→ Exercise
In the listing below, find the line containing "- Family Cycling" and the line containing "summerset-masonry-island-vent-masonry-flange-ssiv-m.jpg". Repeat exactly those two lines and every line between them.

→ Record set
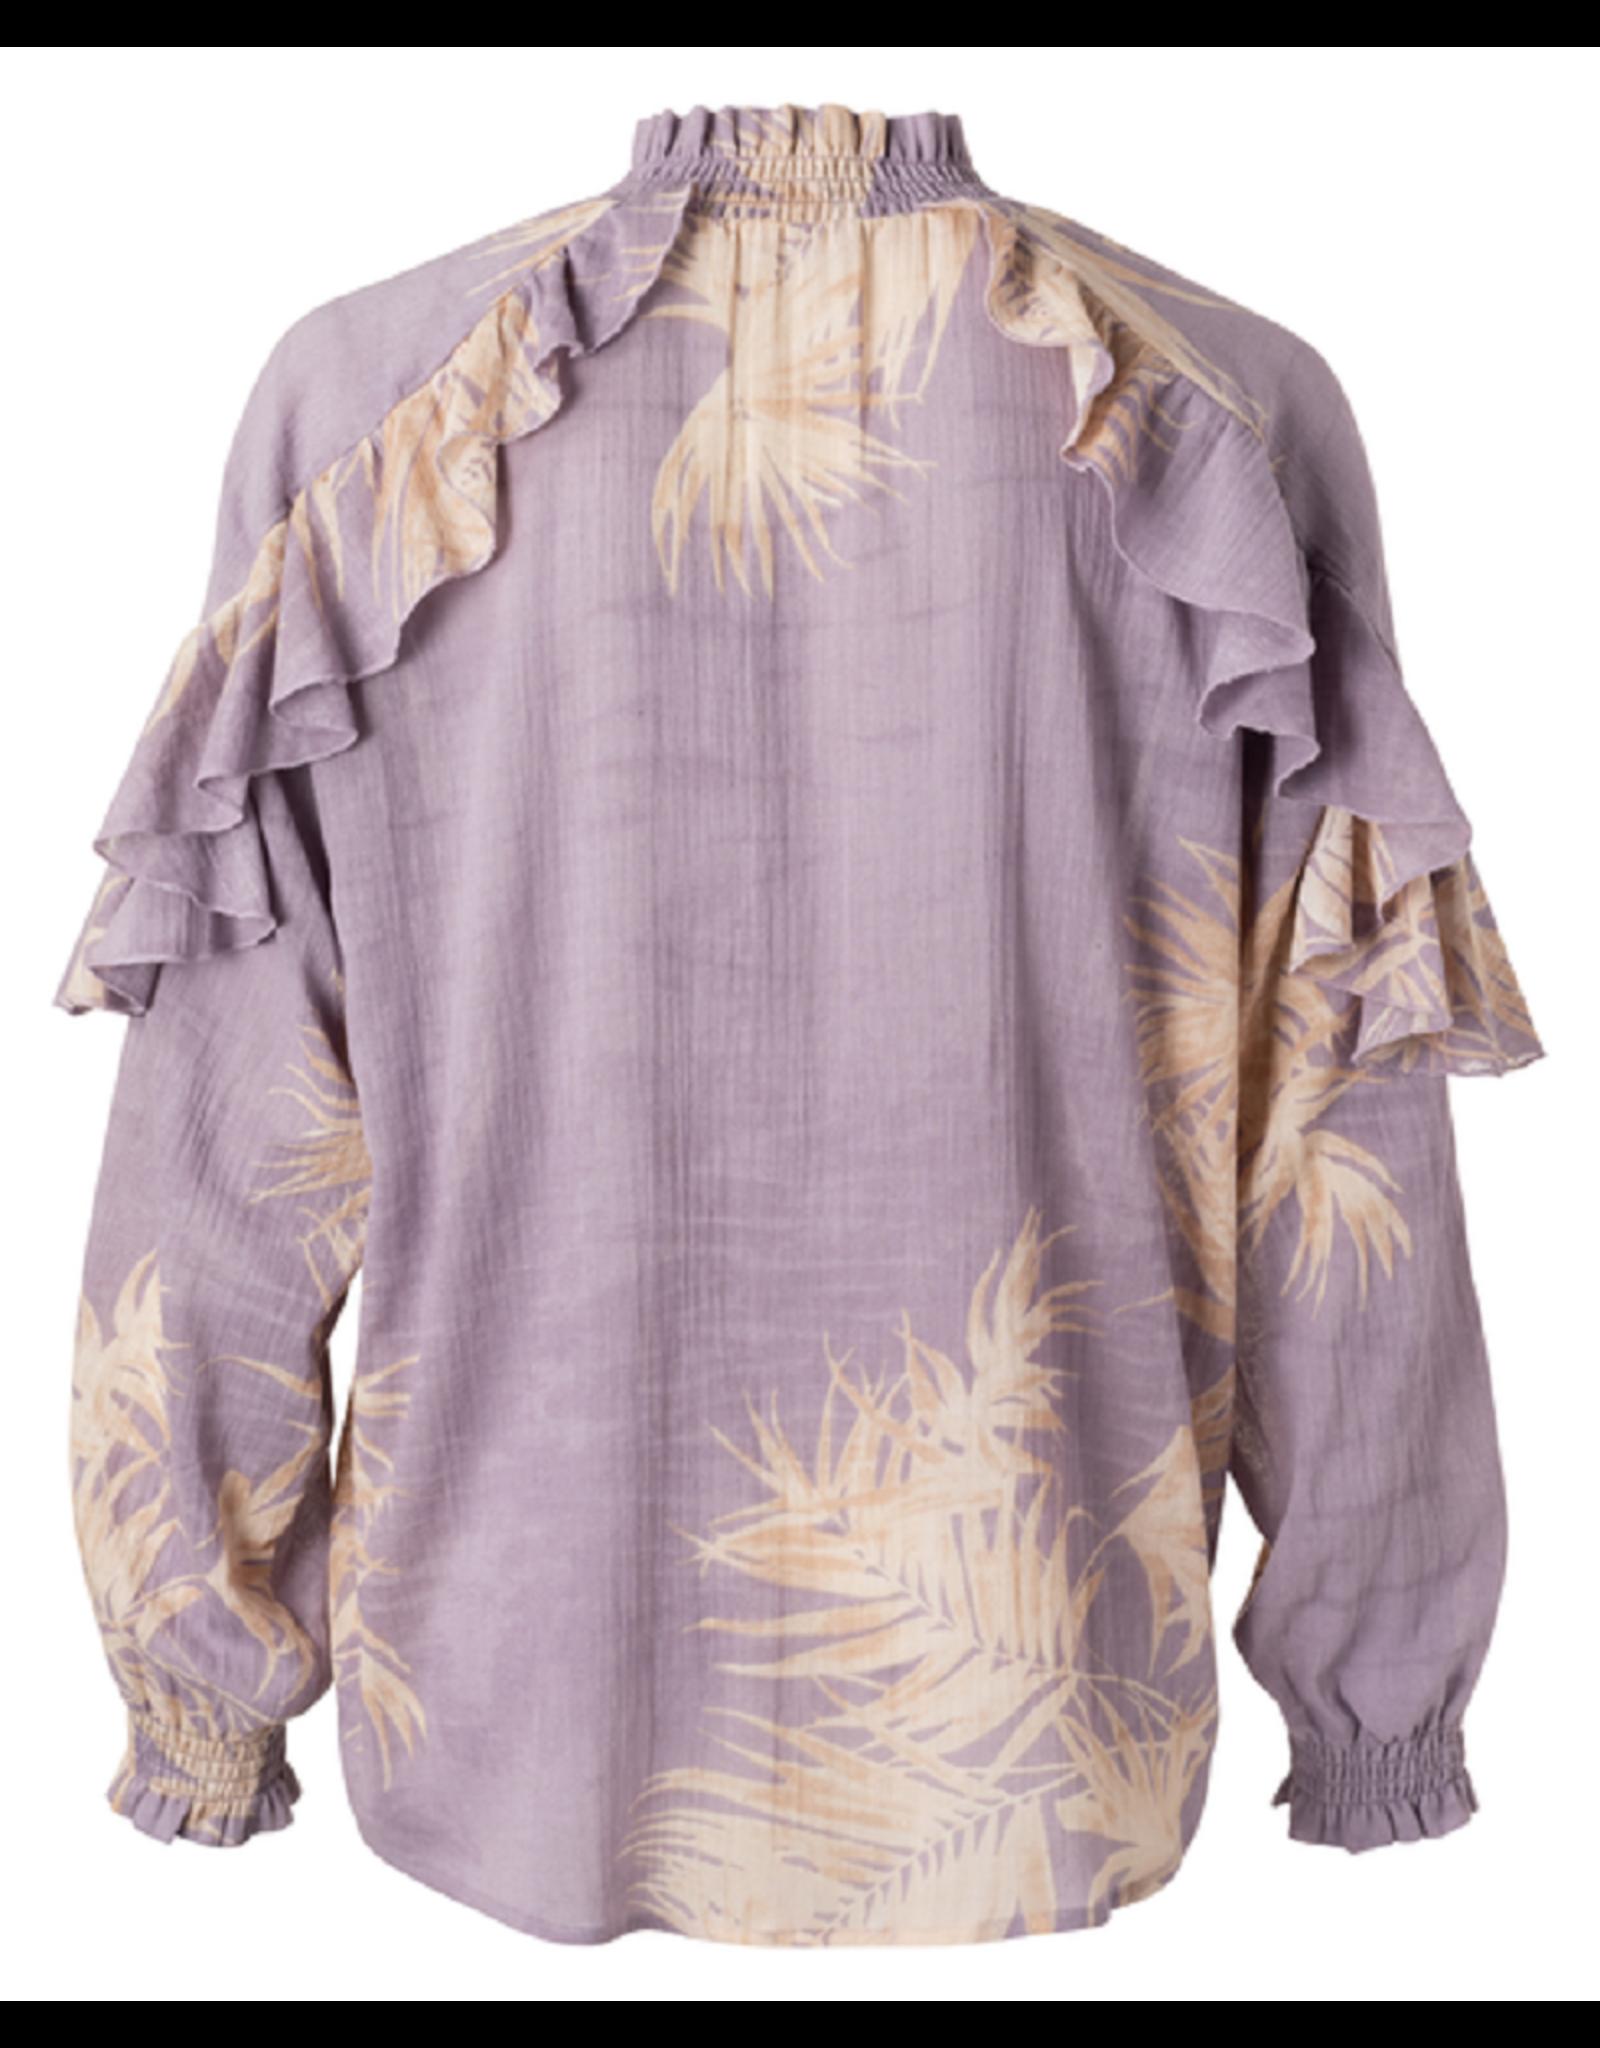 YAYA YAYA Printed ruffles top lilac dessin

---

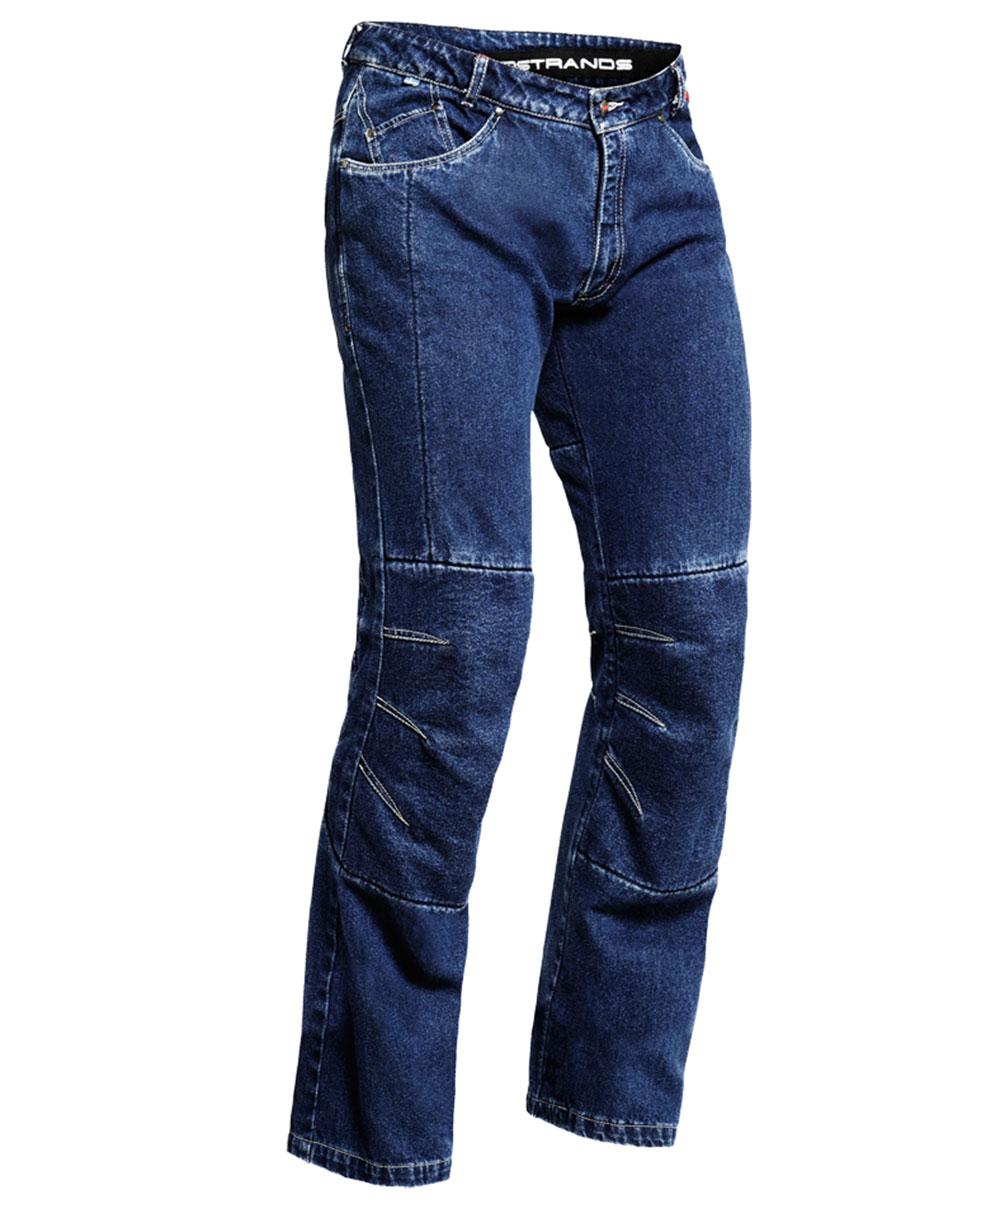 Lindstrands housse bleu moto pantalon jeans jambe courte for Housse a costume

==

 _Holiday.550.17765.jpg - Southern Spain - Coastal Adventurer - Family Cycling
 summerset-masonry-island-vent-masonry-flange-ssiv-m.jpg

→ Solution to the problem
 _Holiday.550.17765.jpg - Southern Spain - Coastal Adventurer - Family Cycling
 summerset-masonry-island-vent-masonry-flange-ssiv-m.jpg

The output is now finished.